In these labs we will be using the "[[NeurIPS 2020] Data Science for COVID-19 (DS4C)](https://www.kaggle.com/datasets/kimjihoo/coronavirusdataset?select=PatientInfo.csv)" dataset, retrieved from [Kaggle](https://www.kaggle.com/) on 1/6/2022, for educational non commercial purpose, License
[CC BY-NC-SA 4.0
](https://creativecommons.org/licenses/by-nc-sa/4.0/)


The csv file that we will be using in this lab is **PatientInfo**.

## PatientInfo.csv

**patient_id**
the ID of the patient

**sex**
the sex of the patient

**age**
the age of the patient

**country**
the country of the patient

**province**
the province of the patient

**city**
the city of the patient

**infection_case**
the case of infection

**infected_by**
the ID of who infected the patient


**contact_number**
the number of contacts with people

**symptom_onset_date**
the date of symptom onset

**confirmed_date**
the date of being confirmed

**released_date**
the date of being released

**deceased_date**
the date of being deceased

**state**
isolated / released / deceased

In [None]:
from google.colab import drive
drive.mount('/content/drive')
!pip install pyspark

Drive already mounted at /content/drive; to attempt to forcibly remount, call drive.mount("/content/drive", force_remount=True).
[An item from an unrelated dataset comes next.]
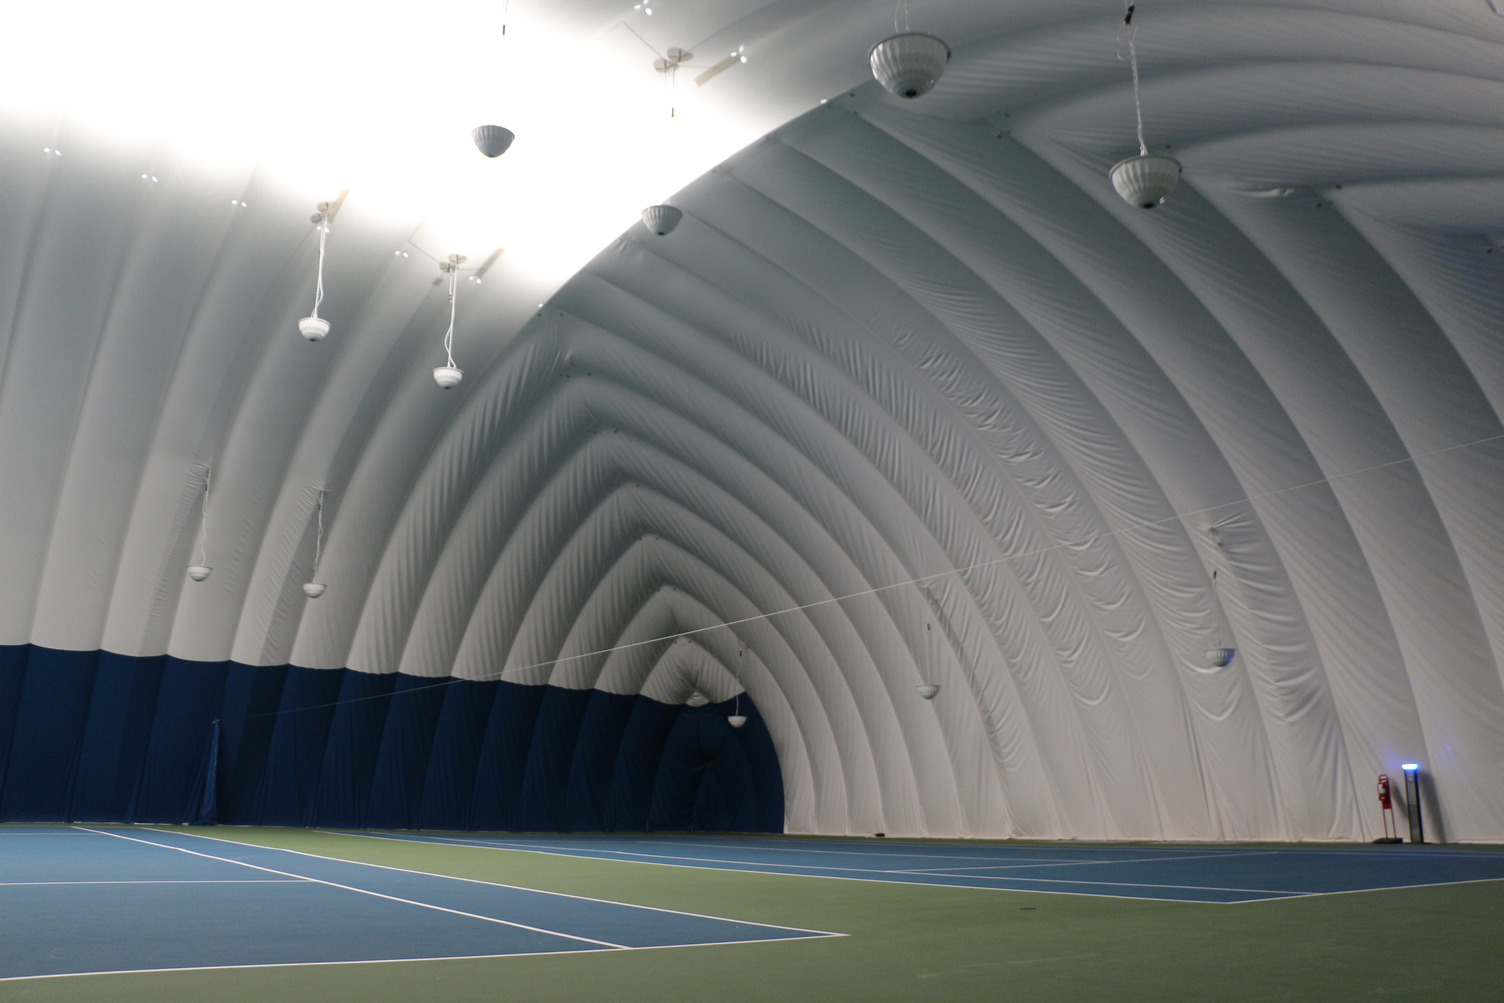 DuPont Tedlar Wallcovering Film Drexel University Vidas Athletic Field Inflatable Dome Interior Courts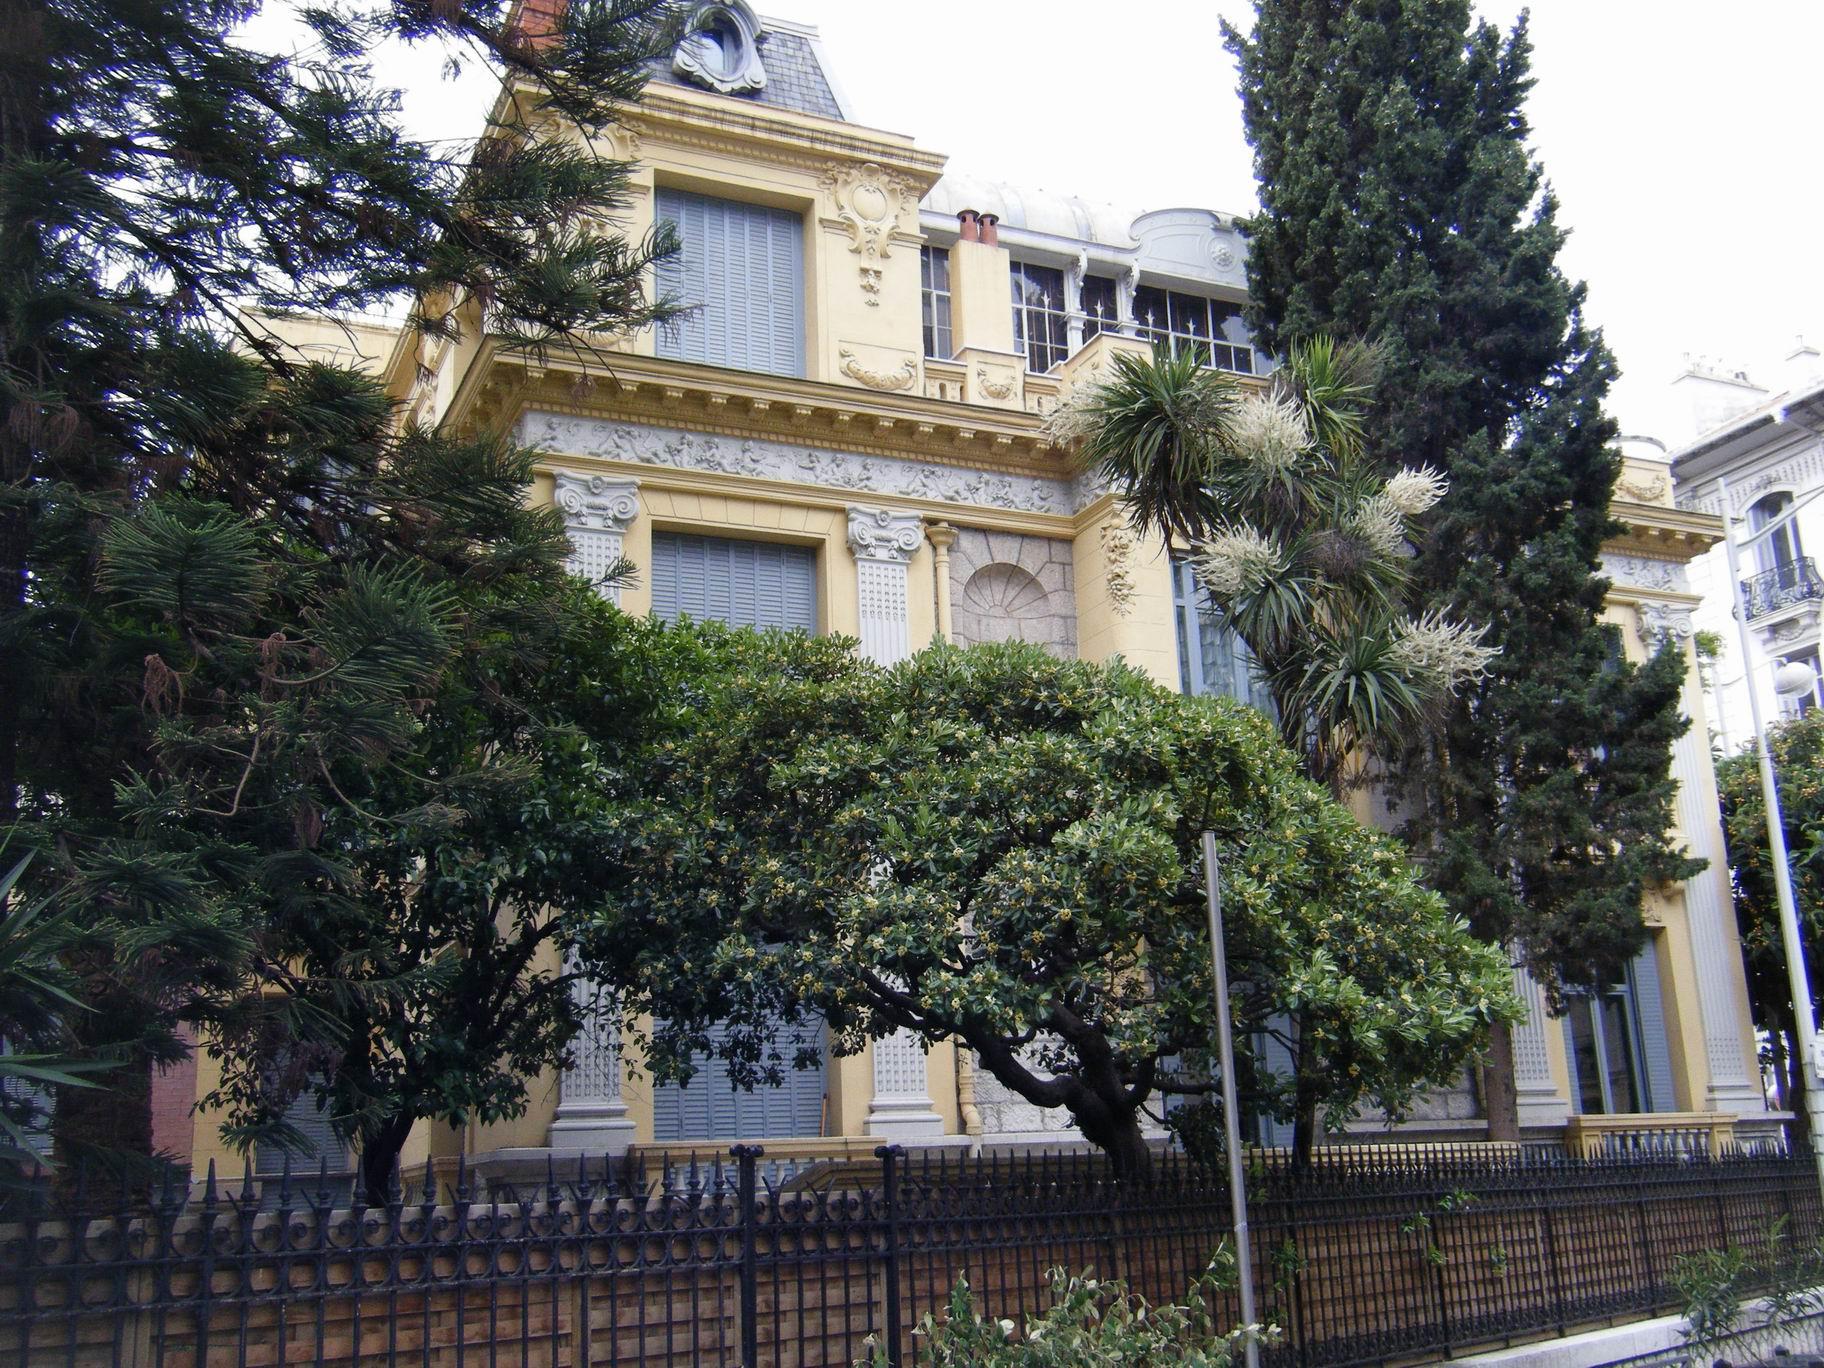 Belle facade de villa les meilleures id es concernant for Les plus belles facades de villa

### Import the pyspark and check it's version

### Import and create SparkSession

In [None]:
from pyspark import SparkContext
from pyspark.sql import SparkSession
from pyspark.sql.functions import *
from pyspark.sql import functions as F

spark = SparkSession.builder\
.master ("local")\
.appName ("Colab")\
.config ('spark.ui.port', '4050')\
.getOrCreate ()
spark

### Load the PatientInfo.csv file and show the first 5 rows

In [None]:
from IPython.display import display, HTML
display(HTML("<style>pre { white-space: pre !important; }</style>"))

In [None]:
df = spark.read.format('csv') \
    .option('header', 'true') \
    .option('inferSchema', 'true') \
    .load('drive/MyDrive/Spark/PatientInfo.csv')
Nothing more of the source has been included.